The shipping consequences run straight through this. Venezuela’s oil map is being redrawn by policy, and every redrawing is a change in ton-miles. For years, the bulk of Venezuela’s heavy crude sailed the long haul to China, feeding the independent refiners that bought sanctioned barrels at deep discounts. Under the US-backed framework, those same barrels are being turned toward the United States, Europe and the Caribbean. In June, shipments to the United States rose to about 630,000 barrels a day, while flows to India, another discount buyer, fell to roughly 277,000. A barrel that once crossed the Pacific to Shandong now makes a far shorter trip to the US Gulf, which is fewer ton-miles per barrel even as total volume climbs. For the tanker market, the Venezuela reopening is a volume story and a routing story at the same time, and the two pull in opposite directions on vessel demand.
There is also a discount worth watching, because it is where the money is made and lost. When the licensed trade began, Venezuelan crude was moving at around $30 a barrel below the Brent benchmark. As the framework matured and buyers competed, that discount narrowed toward $15, with Brent near $63, meaning Venezuela was receiving roughly $48 a barrel rather than the $33 it collected under the deepest sanctions. Every dollar the discount narrows is a dollar that shifts from the trader’s margin and the refiner’s bargain toward the Venezuelan state and its American-backed reconstruction. A trader with an office in Caracas is positioned on the right side of that shift, close to the barrels, close to the counterparty, and close to the licenses that decide who gets to lift them.

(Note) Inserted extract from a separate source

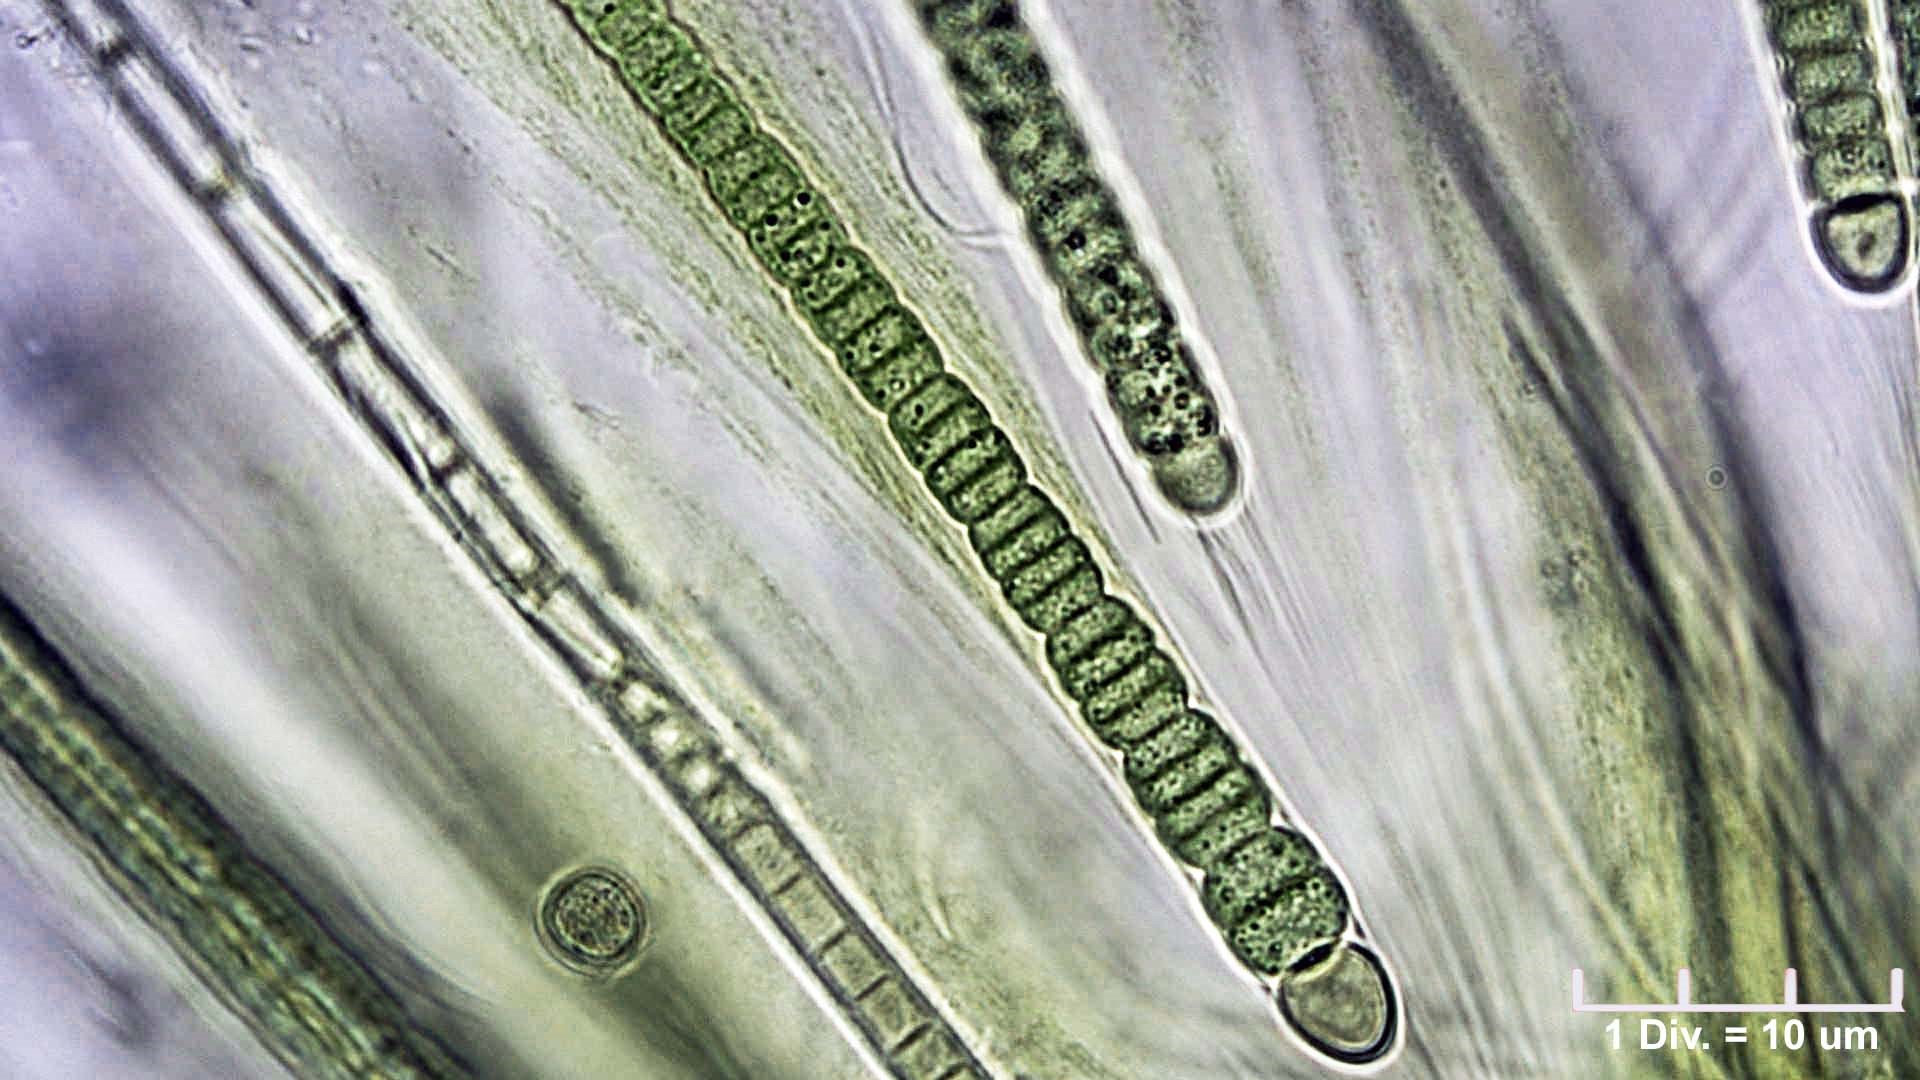 ././Cyanobacteria/Nostocales/Gloeotrichiaceae/Gloeotrichia/pisum/gloeotrichia-pisum-488.jpg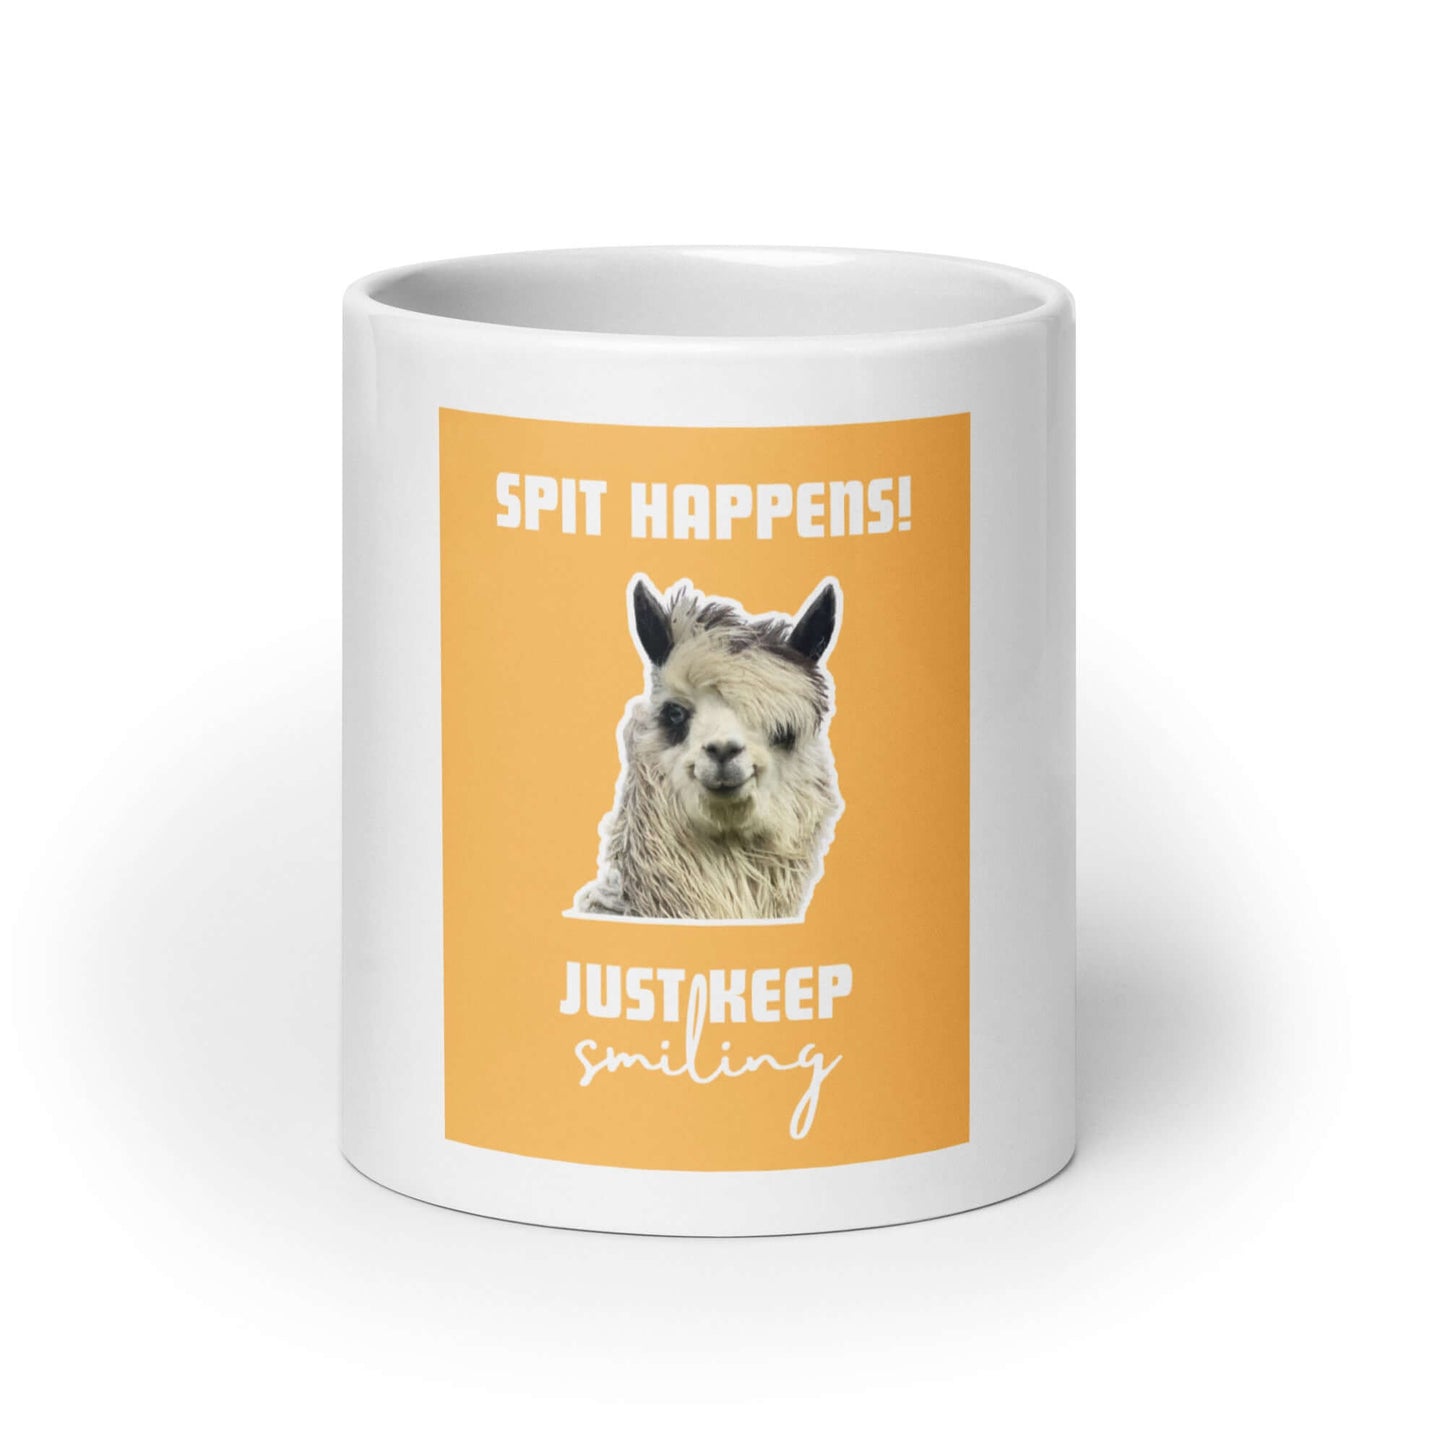 Alpaka-Design Tasse 'Spit happens! Just keep smiling' - Alpaka Produkte online kaufen und dabei Gutes tun!

None of this erases the risk, and the honest version of the story keeps it in view. Venezuela’s production recovery is real but fragile, its export terminals saw minor delays from two earthquakes in June, and the entire framework rests on a political settlement that is months old and could reverse. A trading house opening an office is a bet that the reopening holds, that the licenses keep coming, and that being physically present when Venezuela’s output climbs will pay off. It is a calculated, cycle-aware bet by firms that make their living reading exactly these situations. But it is a bet, and the same Washington that wrote the licenses can rescind them.
What is not in doubt is the shift in who controls the barrels. For a century, the story of an oil nation’s revival was written by the majors: the Exxons and Chevrons that drilled the fields, built the terminals and marketed the crude. In Venezuela, in 2026, that story is being co-written by the traders, and increasingly led by them. Vitol and Trafigura already move nearly two-thirds of the country’s oil. Now Vitol is hiring the majors’ own people and opening its own office to run the trade from the inside. The question that hangs over the whole reopening, and the one that should concern every major, every charterer and every sanctions officer watching this unfold, is below: if the trading houses are not waiting for the oil majors to rebuild Venezuela, and are instead building their own position inside it, who actually ends up controlling the largest proven oil reserves in the world?